Every metric space is paracompact (an elegant proof)

Question

I'm studying a different proof to show that each metric space is paracompact in the book: Singh, Tej Bahadur-Introduction to Topology. It is a very elegant construction unlike the inductive method that seems more cumbersome to me. However there are three things that I could not understand:

(1) Why can some $E_{n, \alpha}$ be empty?

(2) How can I intuitively or geometrically see the sets $F_{n,\alpha}$ and $V_{n,\alpha}$?

(3) Why is it obtained that $F_{n,\alpha} \subset X – U_\beta $ or $F_{n,\beta} \subset X – U_\alpha$ in the last part of the proof?

I'm very interested in knowing a good argument for these questions since I have not been able to figure it out on my own after many attempts and I'm eager to know the answers. Any help is appreciated.
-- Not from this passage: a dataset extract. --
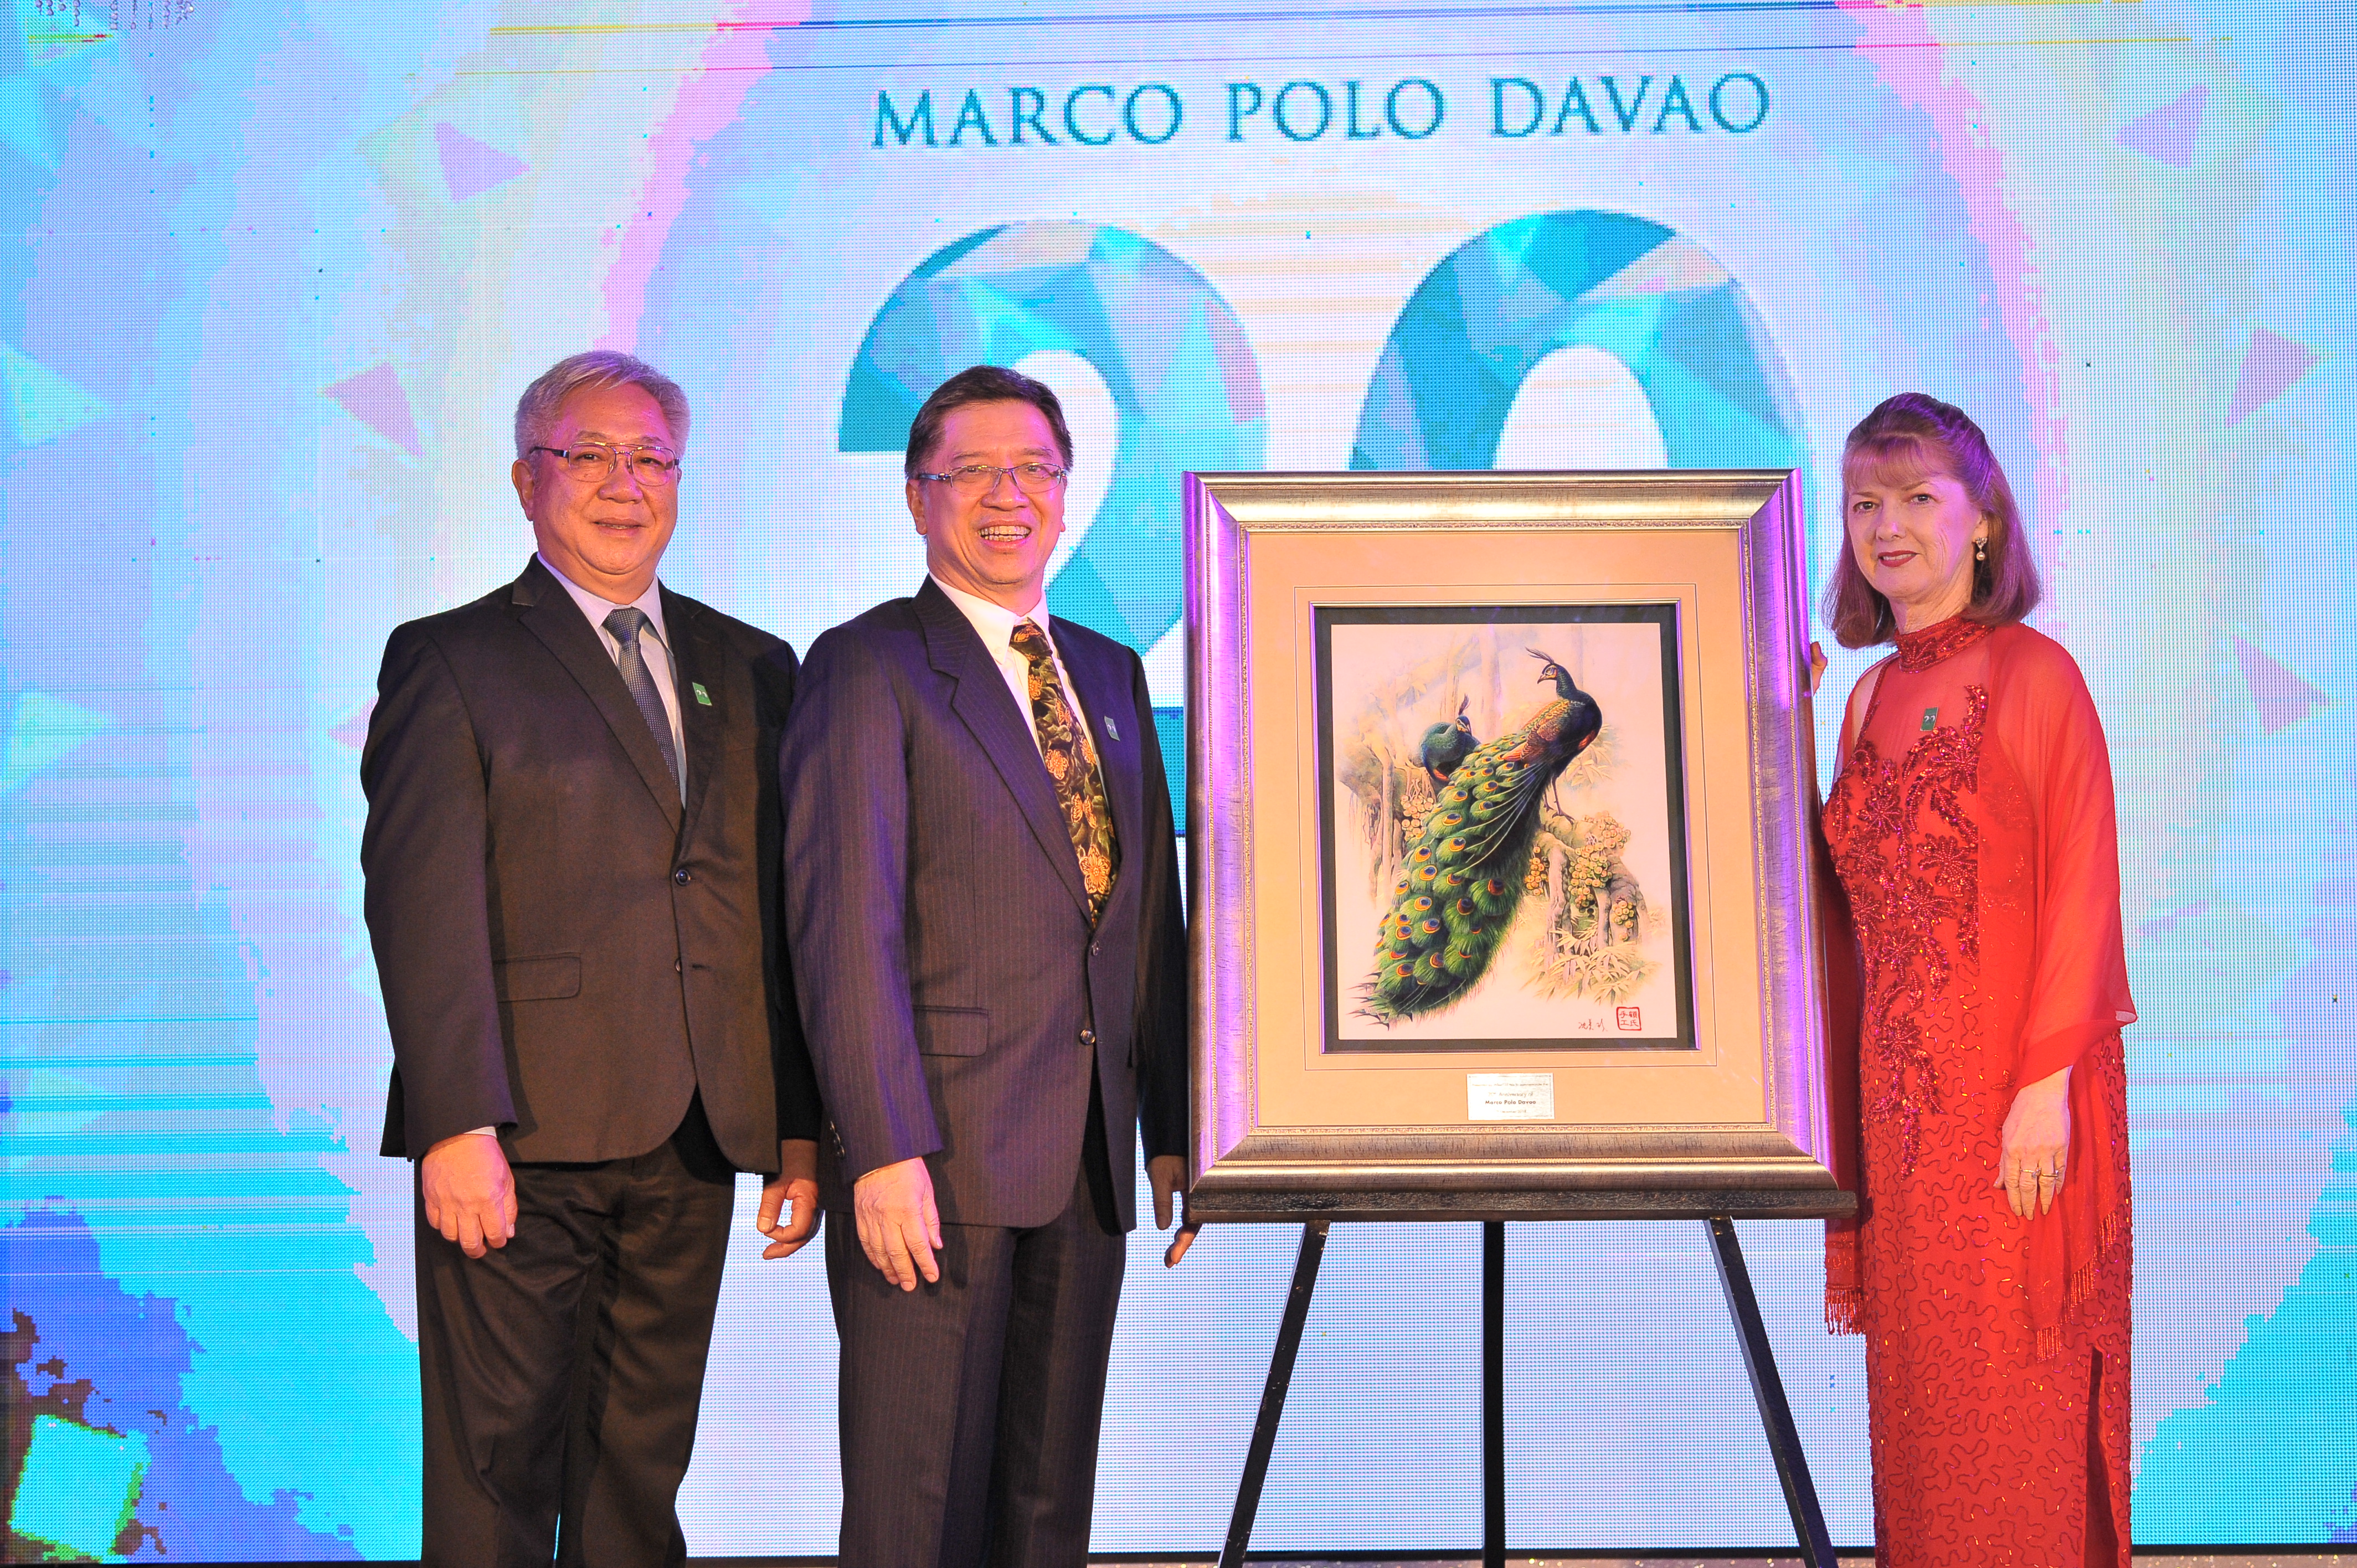 Celebrating 20 years of Marco Polo Davao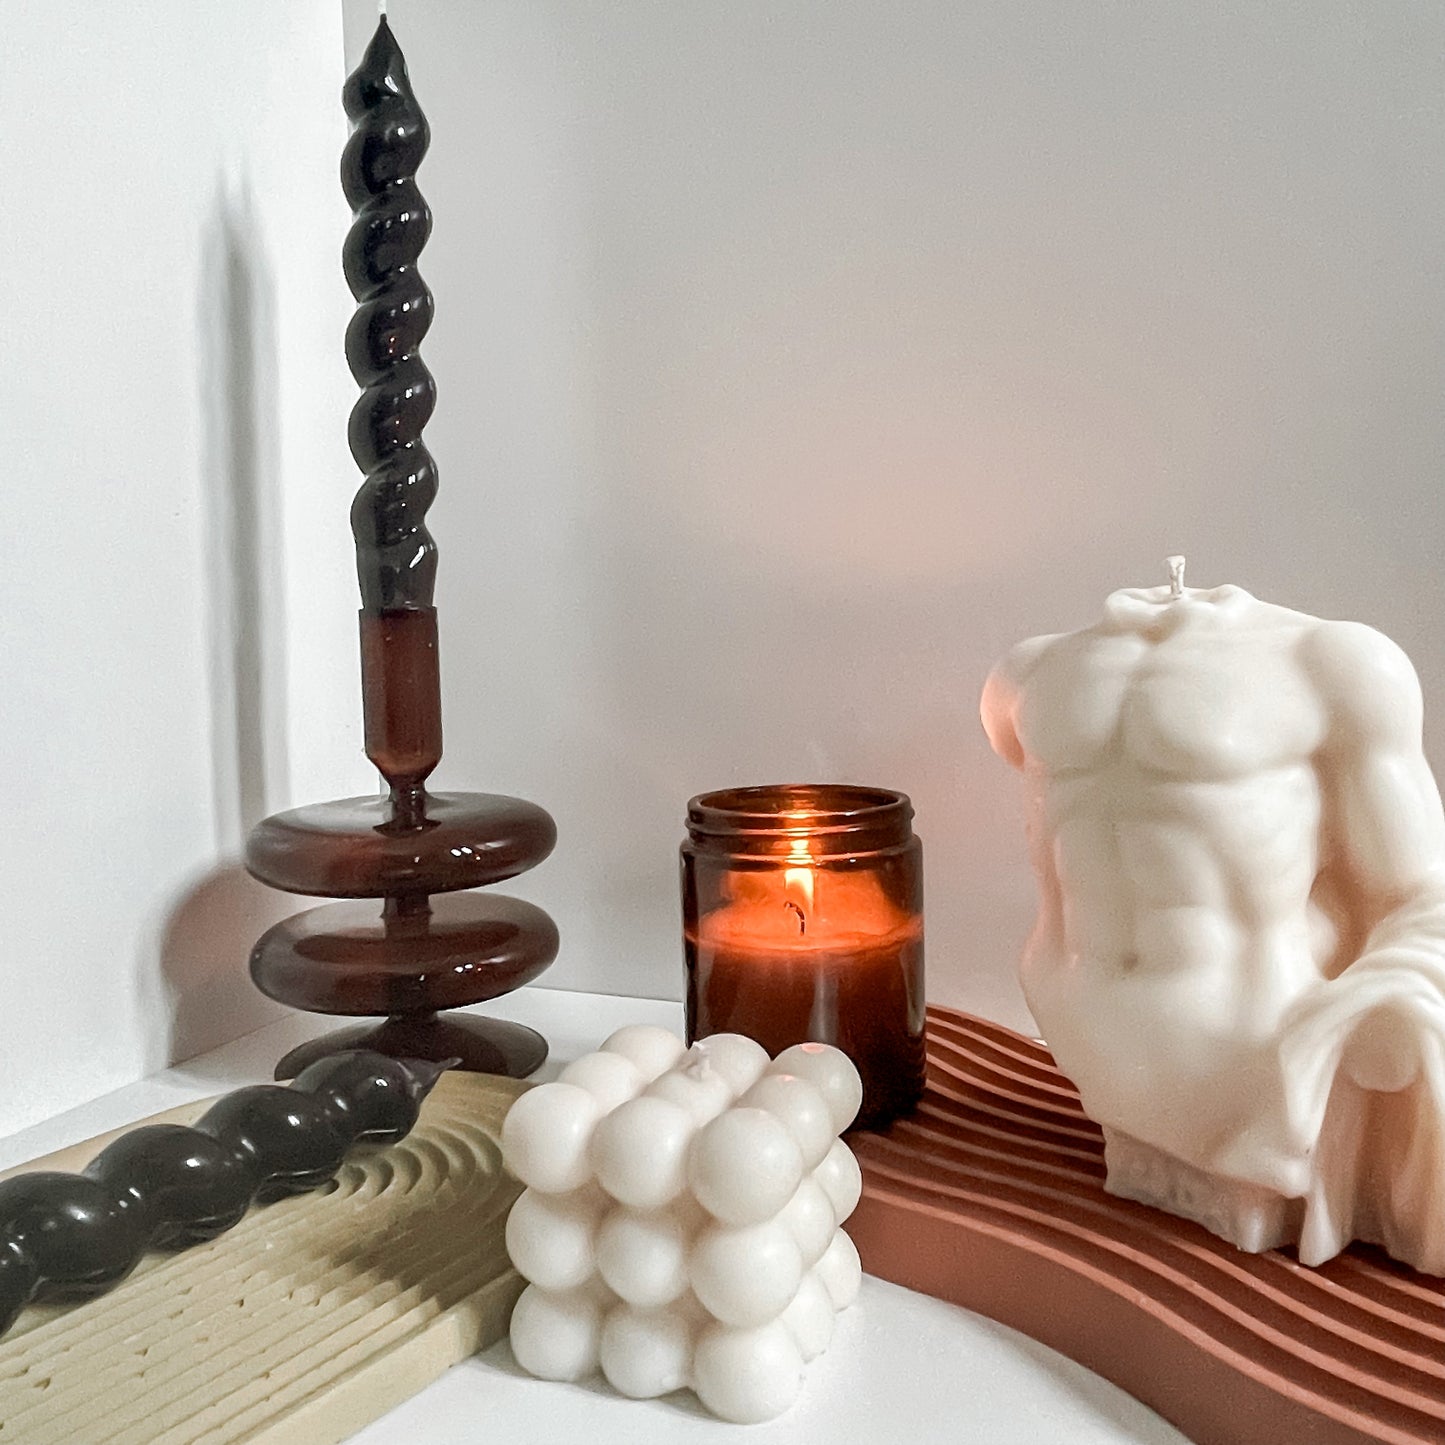 Twisted Glossy Black Soy Wax Candlestick

Here are some definitions:

Definition.
Let $X$ be a topological space. A collection of sets $\{U_{\alpha}\} \subset X$ (not necessarily open or closed) is said to be locally finite if to each ${x \in X}$, there is a neighborhood ${U}$ of ${x}$ that intersects only finitely many of the ${U_{\alpha}}$

Definition. Let ${\left\{U_{\alpha}\right\} }$ be a cover of a space ${X}$. Then a cover ${\left\{V_{\beta}\right\}}$ is called a refinement if each ${V_{\beta}}$ sits inside some ${U_{\alpha}}$

Definition. A Hausdorff space is paracompact if every open covering has a locally finite refinement.

Answer 1

1. For each $\alpha$, removing the points of $U_{\alpha}$ at distance $< 1/n$ from the complement of $U_{\alpha}$ leaves $E_{n,\alpha}$. Loosely, trim away an open strip of width $1/n$ around the boundary of $U_{\alpha}$. (It may help to note that the family $\{E_{n,\alpha}\}_{n=1}^{\infty}$ is an exhaustion of $U_{\alpha}$, i.e., the sets are nested and their union is $U_{\alpha}$.) The set $E_{n,\alpha}$ is empty if every point of $U_{\alpha}$ is at distance $< 1/n$ from the complement of $U_{\alpha}$. Qualitatively, the set $U_{\alpha}$ is "thin" in the sense of containing no closed ball of radius $1/n$.
2. Well-ordering of $A$ means the covering sets can be ordered so that there is a "first" set, and each set $U_{\alpha}$ has a successor (unless there is a "last" set). Now, think of $E_{n,\alpha}$ as a cookie, and pass $E_{n,\alpha}$ along the list of covering sets preceding $U_{\alpha}$, with each set $U_{\alpha'}$ ($\alpha' \prec \alpha$) taking a bite (subtracting $U_{\alpha'}$, i.e., intersecting with $X - U_{\alpha'}$). The set $F_{n,\alpha}$ is what remains; it contains points of $U_{\alpha}$ that are at distance $\geq 1/n$ from the complement of $U_{\alpha}$ and do not lie in $U_{\alpha'}$ for every $\alpha' \prec \alpha$. Place an open ball of radius $1/3n$ about each point this partially-eaten cookie $F_{n,\alpha}$; the union of these balls is $V_{n,\alpha}$.
3. If $\alpha$ and $\beta$ are two distinct indices in $A$, one comes before the other, say $\alpha \prec \beta$ without loss of generality. By construction, the open set $U_{\alpha}$ took a bite out of $F_{n,\beta}$, so $U_{\alpha} \cap F_{n,\beta} = \varnothing$, i.e., $F_{n,\beta} \subset X - U_{\alpha}$.